Date: 2005-05-26 03:40 am (UTC)
From: [identity profile] x-mirage.livejournal.com
I am ignoring you.

Date: 2005-05-26 03:49 am (UTC)
From: [identity profile] x-sanfuaiyaa.livejournal.com
Wow. For a genius, you sure are a fucking idiot.

Date: 2005-05-26 03:53 am (UTC)
From: [identity profile] x-forge.livejournal.com
Well, I suppose I should have expected that from the guy who thinks of himself as an entire country instead of an individual.

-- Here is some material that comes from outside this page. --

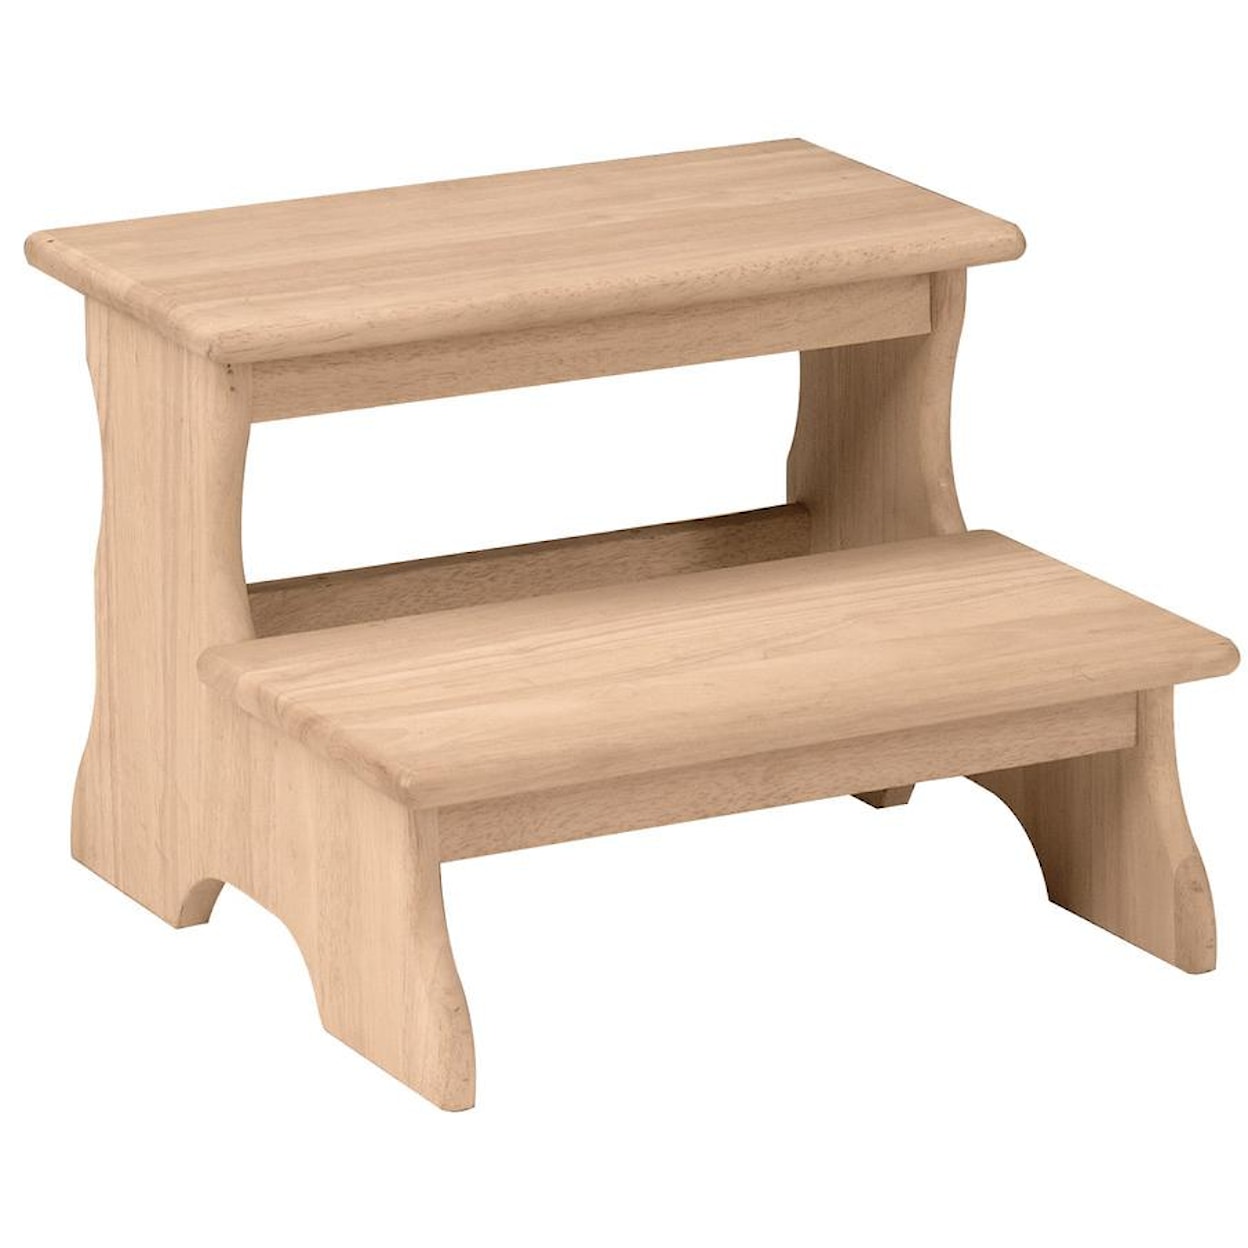 John Thomas SELECT Occasional & Accents Step Stool

Date: 2005-05-26 04:03 am (UTC)
From: [identity profile] x-sanfuaiyaa.livejournal.com
It's from the guy who sees himself as one part of a family, a culture, an empire. (Well, a democracy, but we still have an Emperor, even if he is a figurehead.) You should read Confucius. Maybe you'll be enlightened.

Date: 2005-05-26 04:07 am (UTC)
From: [identity profile] x-forge.livejournal.com
I get that - but I can't help but see that as restrictive. I know that it gives you a sense of identity, but I've always had that just from being myself. Different strokes, and all that.

Date: 2005-05-26 04:15 am (UTC)
From: [identity profile] x-sanfuaiyaa.livejournal.com
I am just myself. But my self also includes the selves of the others who came before me and paved the way for me. They do not restrict me. They are me, so I establish my own boundaries.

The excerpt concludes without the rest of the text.